_Activity_
With pictures left out, set down exactly the lines from the line containing "Varun Sharma, Varun" through the last line of the data.

_Data below_
########################################

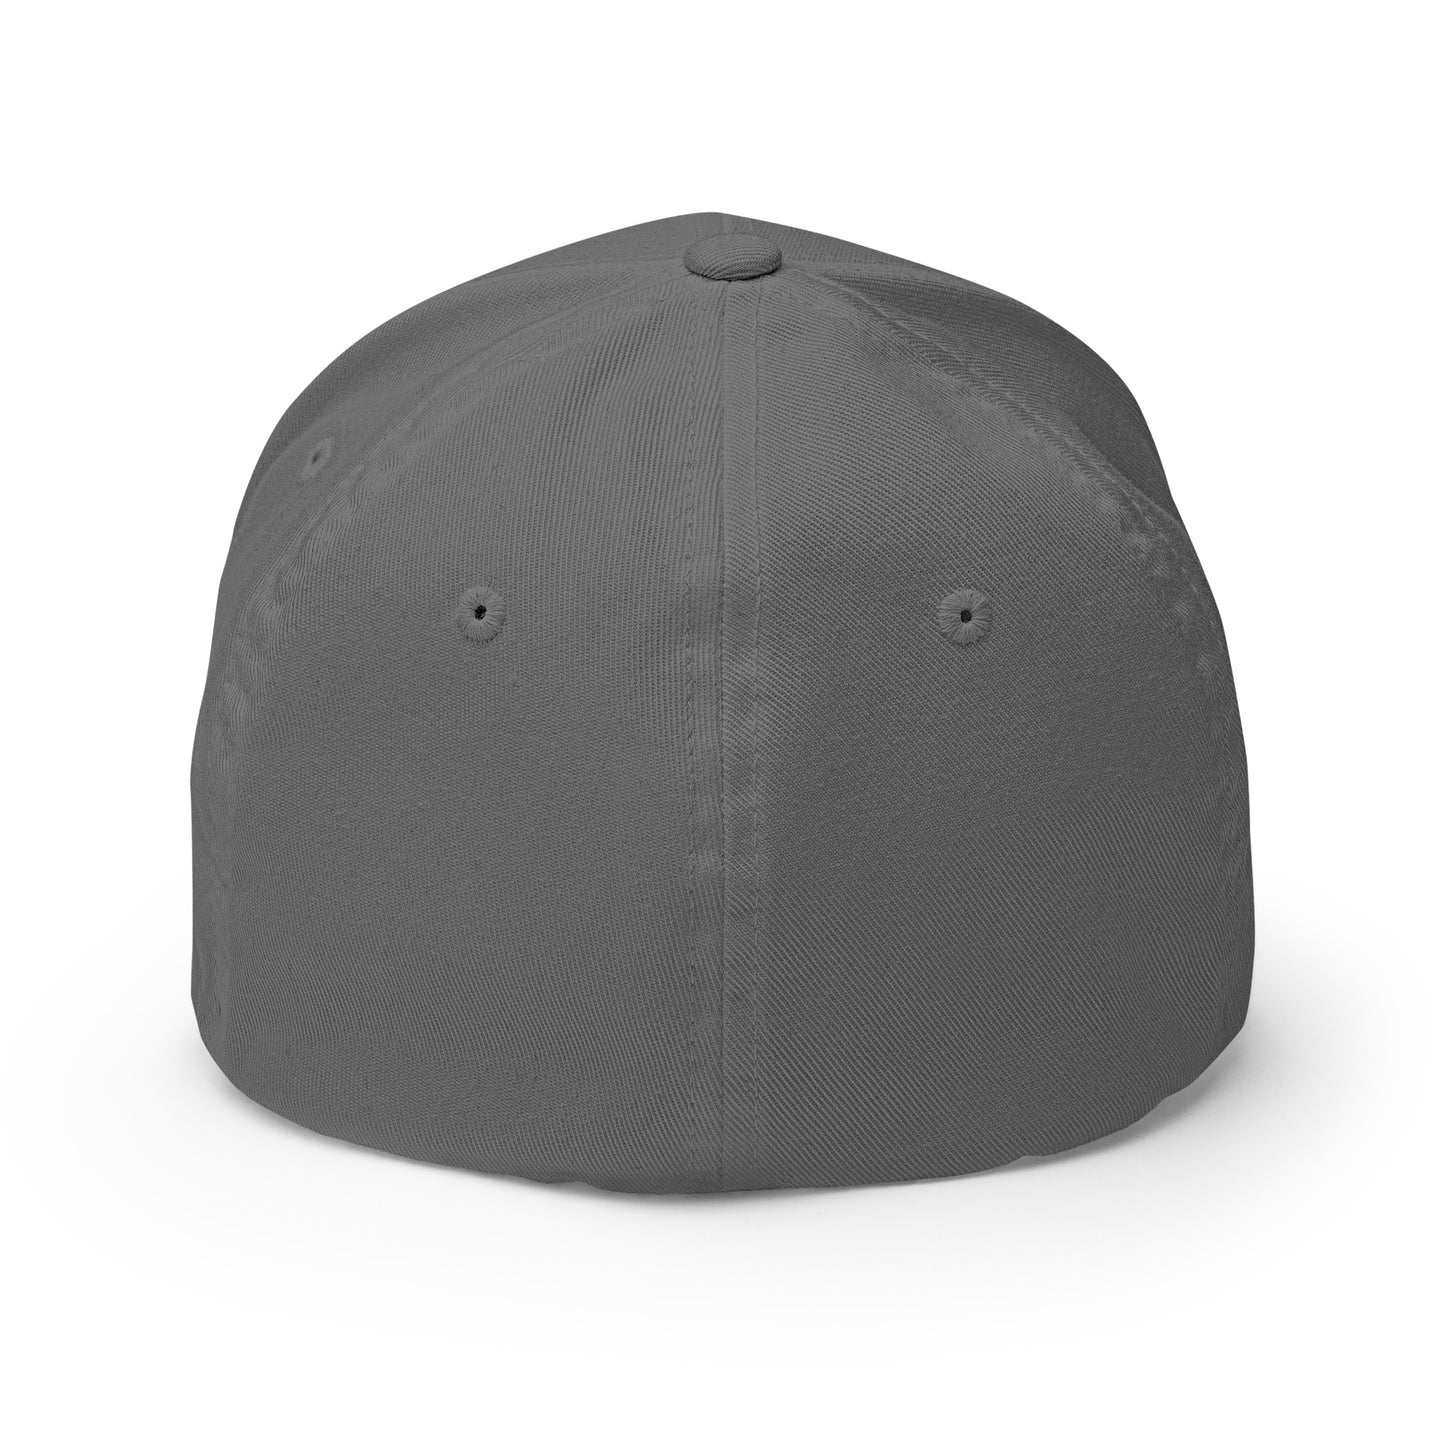 Baseball Cap with Dark Cloud Symbol
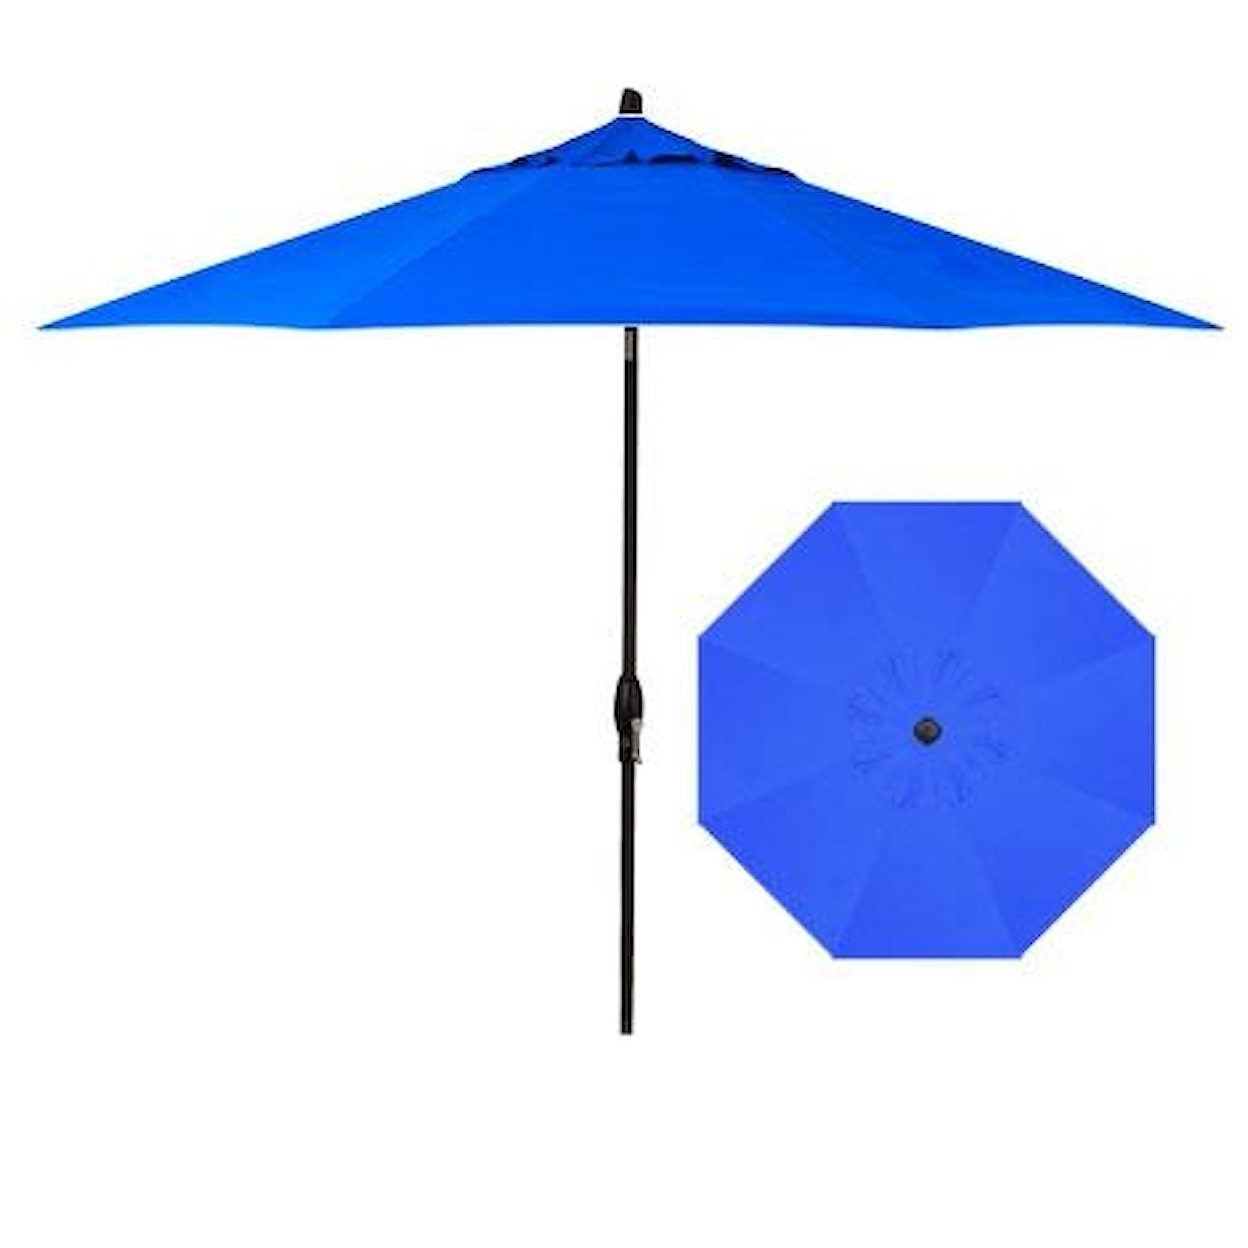 Treasure Garden Market Umbrellas 9' Auto Market Tilt Umbrella
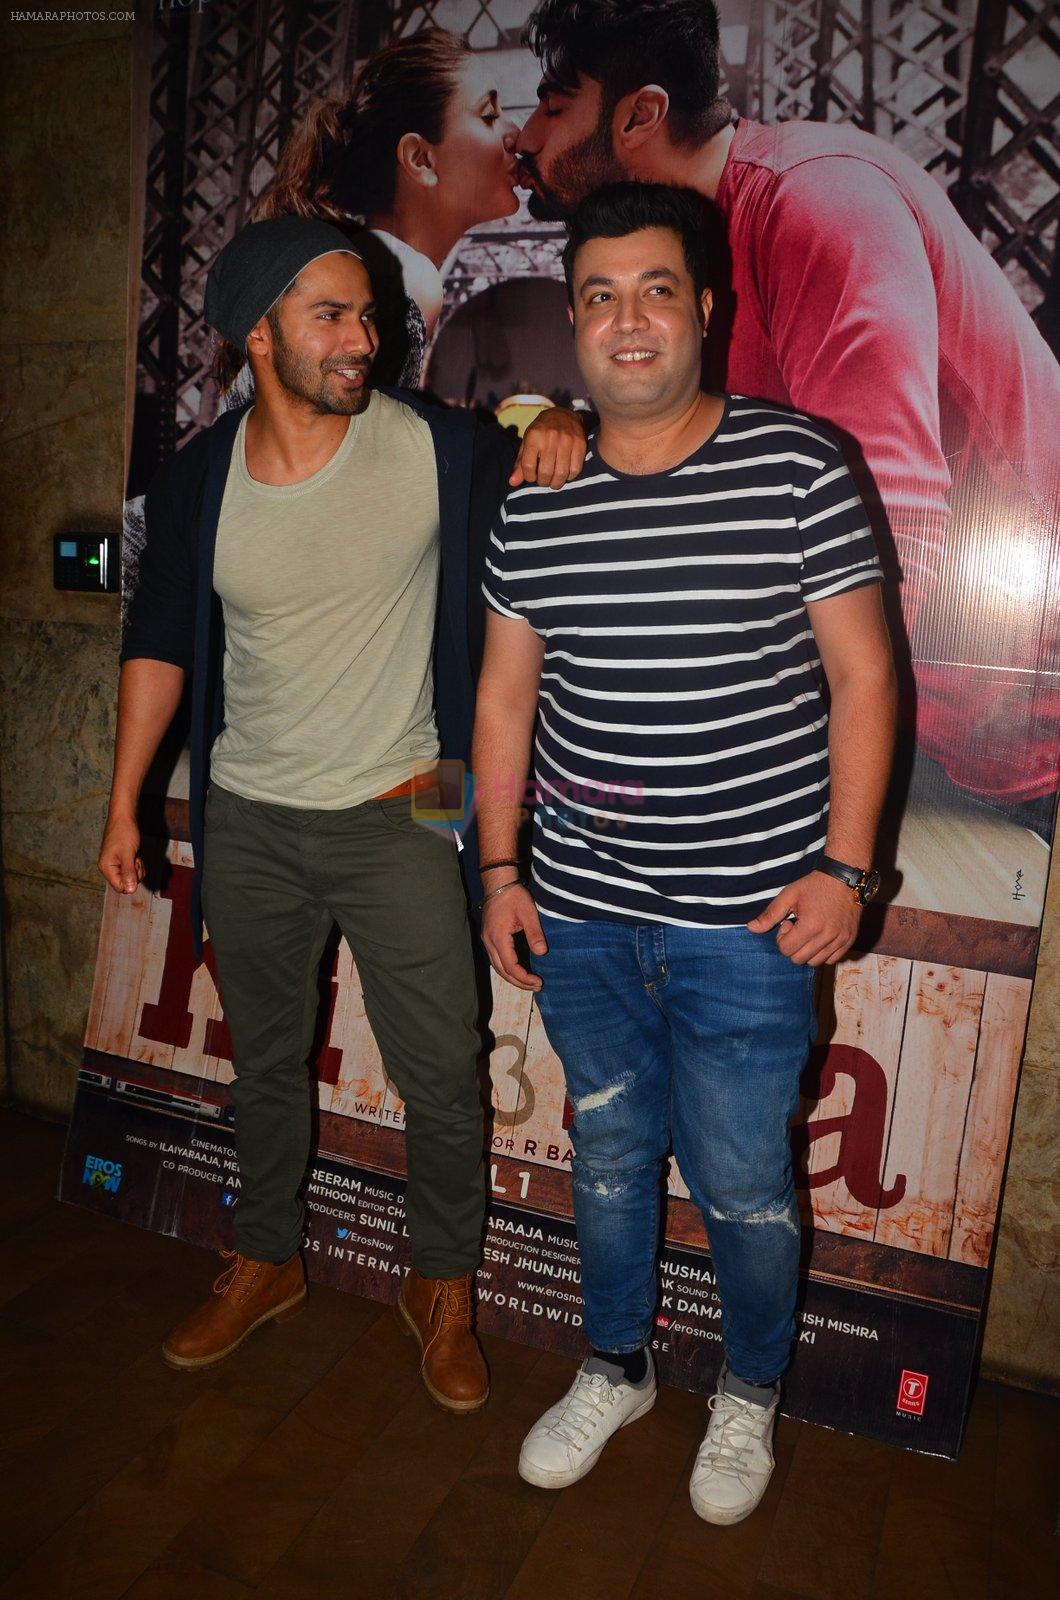 Varun Sharma, Varun Dhawan at ki and ka screening in Mumbai on 26th March 2016
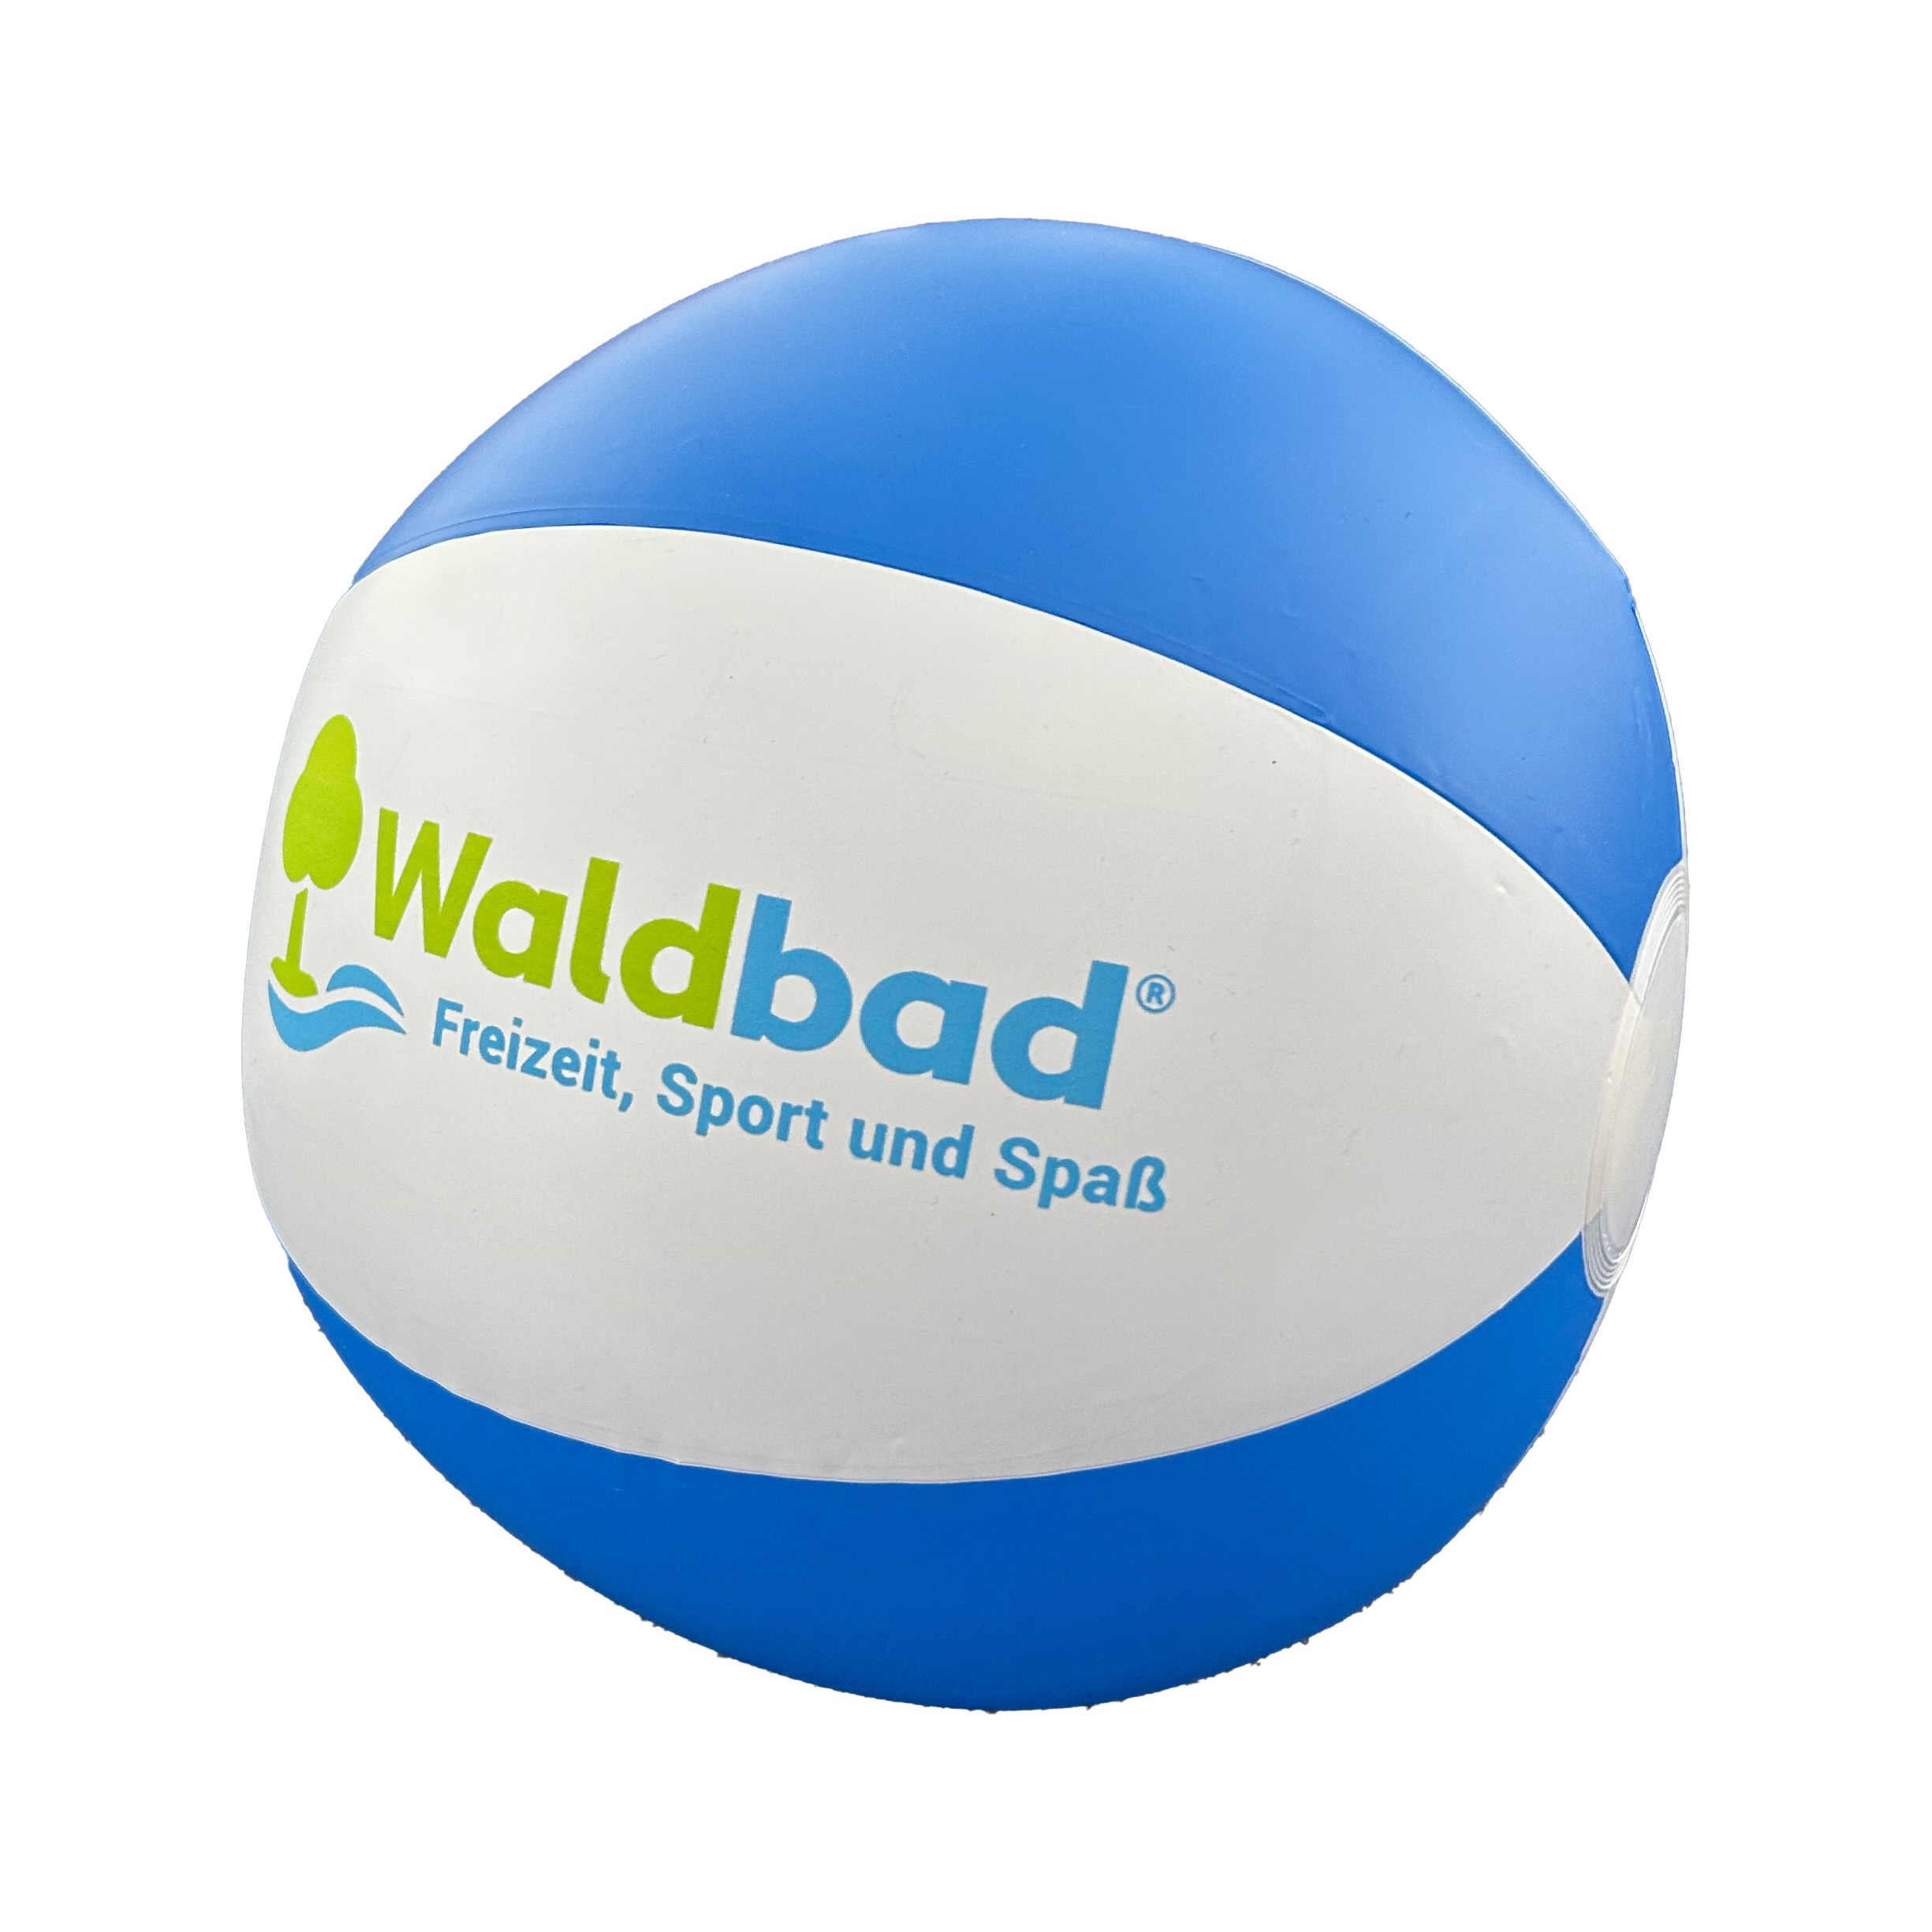 Wasserball Waldbad Gallery 6

########################################

_Response for this exercise_
 Varun Sharma, Varun Dhawan at ki and ka screening in Mumbai on 26th March 2016
 Wasserball Waldbad Gallery 6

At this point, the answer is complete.